The operant question can’t possibly be, then, who or what caused my response, but how it was that I chose to react this way. Maybe I have always tended to need to talk myself into stuff. I can acknowledge that I’ve carried on an extended conversation with myself since I first discovered that I could converse with myself, and that it would be completely out of character if I didn’t, at some level, require some talking myself into whatever opportunity presents itself to me. This just seems to be how I reason my way into and back out of whatever I do, whatever I’ve already done or avoided. I only rarely, if ever, simply step into any option. I have always had to negotiate with myself about whether I would take out the freaking garbage, though even more so recently.

I admit to feeling more fraught than usual during these extended EndDays, and I think it must be perfectly natural to engage in response in even more of whatever I might usually do in any given situation. I rightly should become myself only more so. What might have been in before times little more than subvocalized mumbles has sometimes become, in these more stressful EndDays, transformed into more extended soliloquies, some of which probably should trouble me. I catch myself asking myself questions that clearly couldn’t possibly find answers, and double-binding myself with queries that even if answered, couldn’t possibly alter a choice. I sense myself becoming a nattering hesitant, and I rightfully feel troubled by this realization.

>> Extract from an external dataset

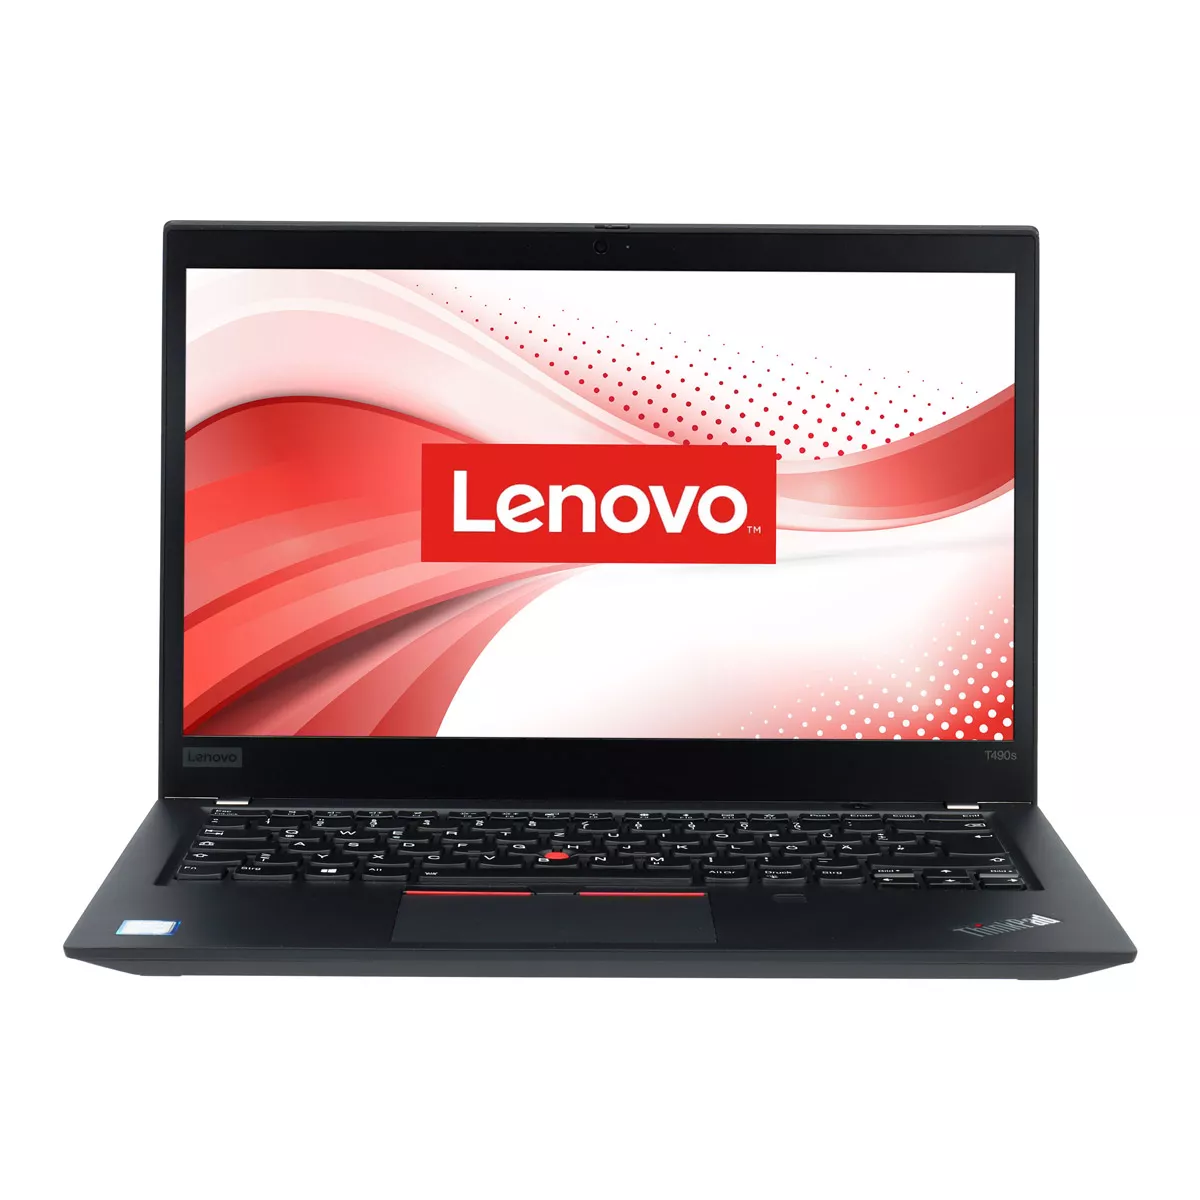 Lenovo ThinkPad T490s Core i5 8365U Full-HD Touch 240 GB M.2 nVME SSD Webcam A

I’d once imagined that I’d mature into an ever-expanding self-confidence, that as I learned and experienced, I’d evolve into or ultimately adopt patterns of living that wouldn’t leave me continually simmering over with questions. The opposite of this innocent aspiration seems to have happened. I seem to be nattering more but enjoying it less, questioning even the appropriateness of this familiar habit. I might be suffering from nothing more or less serious than a debilitating bout of extreme self-consciousness. The very atmosphere around me seems to be encouraging an increasingly troubling awareness of both dangers and opportunities. I struggle more than usual to decide. Maybe this serves as a lesson in being more careful what I wish for, for I once hoped to find presence. Now that it’s here, I fear it might not go away.